The "sell" algorithms were assumably triggered by 1) Meta's guidance for the next quarter, which will be relatively flat quarter-to-quarter revenue growth, and 2) their plan to spend more than they originally guided in capex for the year.
On the former, keep in mind, Meta has rolled out its new large language model across its family of apps, and has yet to attempt to monetize it (which will be a fresh revenue growth catalyst, along with other AI products).
On the latter, the capex spend is a continued massive investment in infrastructure to support AI. The top end of this year's guidance will put them at $100 billion worth of investment over the past three years on: data centers, servers and network infrastructure.
Meta's goal is to be the leading AI company in the world. And the bigger the spend, all funded by cash flow, the more dominant their position in AI is assured.

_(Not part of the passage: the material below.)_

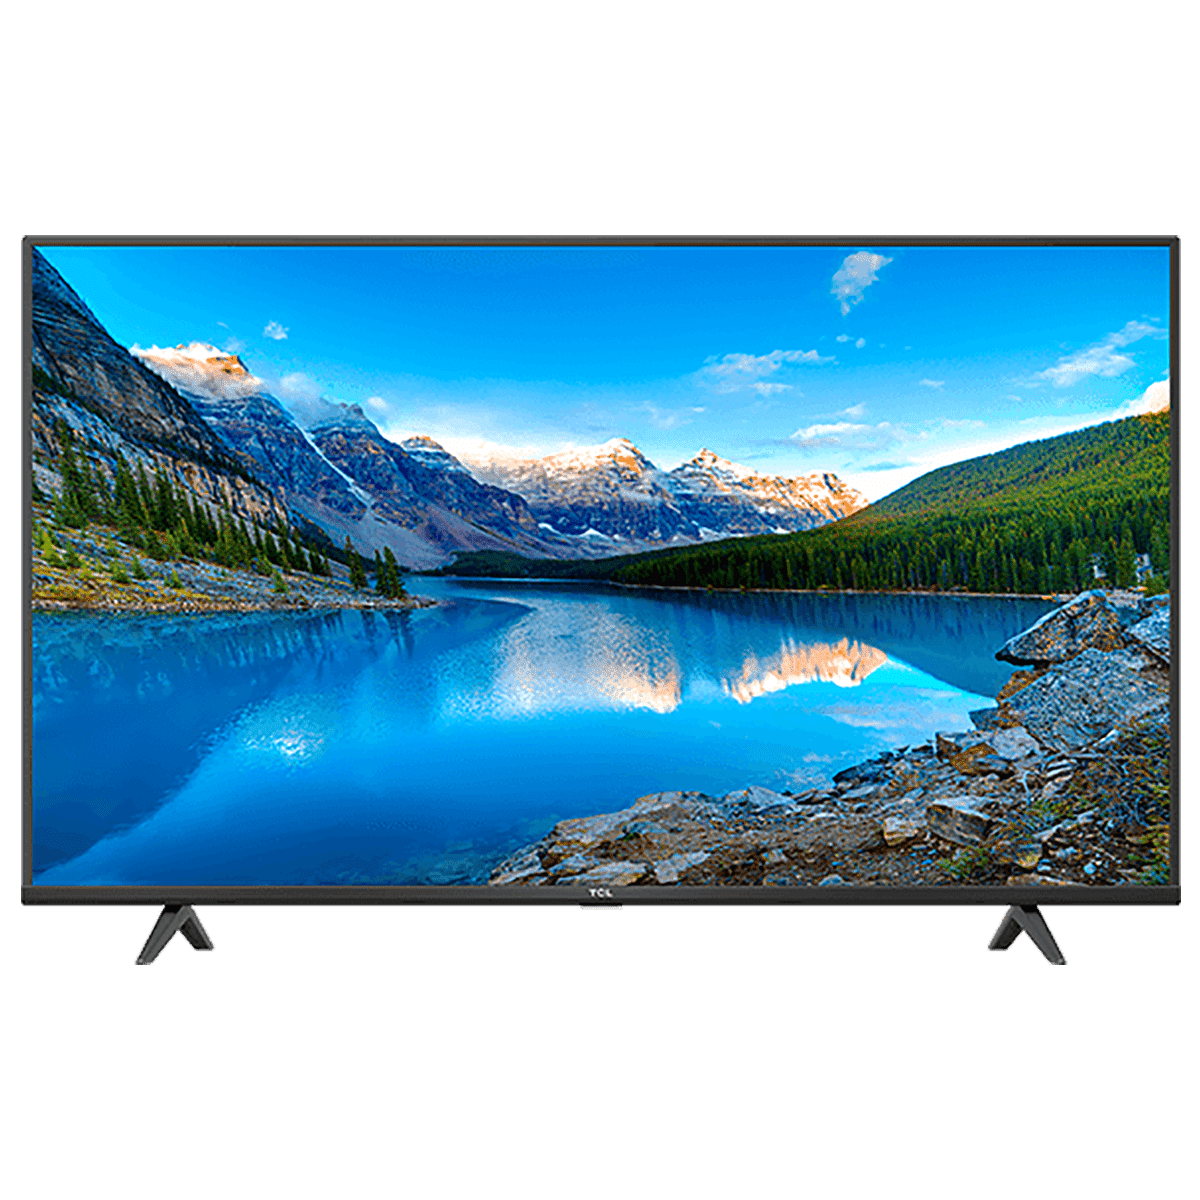 Buy TCL P615 108cm (43 Inch) 4K Ultra HD LED Android Smart TV (Hands-Free Voice Control, 43P615, Black)

With that, we'll hear from Microsoft and Google tomorrow. They too will report massive investments in AI infrastructure and new product development.
For these companies, the Wall Street scrutiny over "mid-points of guidance" and such, on the quarter, is a meaningless exercise.
These earnings calls from the big tech giants are about discovery. What are they learning? What are they building? How fast is the technology revolution progressing? And how do they see it unfolding?
In a lot of ways, this reminds me of the Q3 earnings season, back in October. The tech giants were putting up big numbers. It was hard to find something to be disappointed about, with how they were performing and reorienting their businesses around generative AI. But the stocks were being sold.
Broadly, stocks were in a correction at that time, driven by a Fed that had spent the prior few months reupping threats of more tightening. And that had sent the 10-year yield surging to 5%.
Stocks bottomed the week of big tech earnings, and on the day of the PCE (inflation) report.
That PCE report showed a continued decline in the rate of inflation. And with that, given that the 10-year yield was at a very restrictrive level and stocks were in a correction, the Fed signaled the end of the tightening cycle.
Fast forward to today, and we're in a stock market correction. The 10-year yield has had another sharp rise, trading last week to the highest level since early November of last year (4.7%). And we get the PCE report on Friday.
For perspective, core PCE is almost a percentage point lower than it was last October when the Fed signaled the end of the tightening cycle. Rates are more restrictive today, than last October.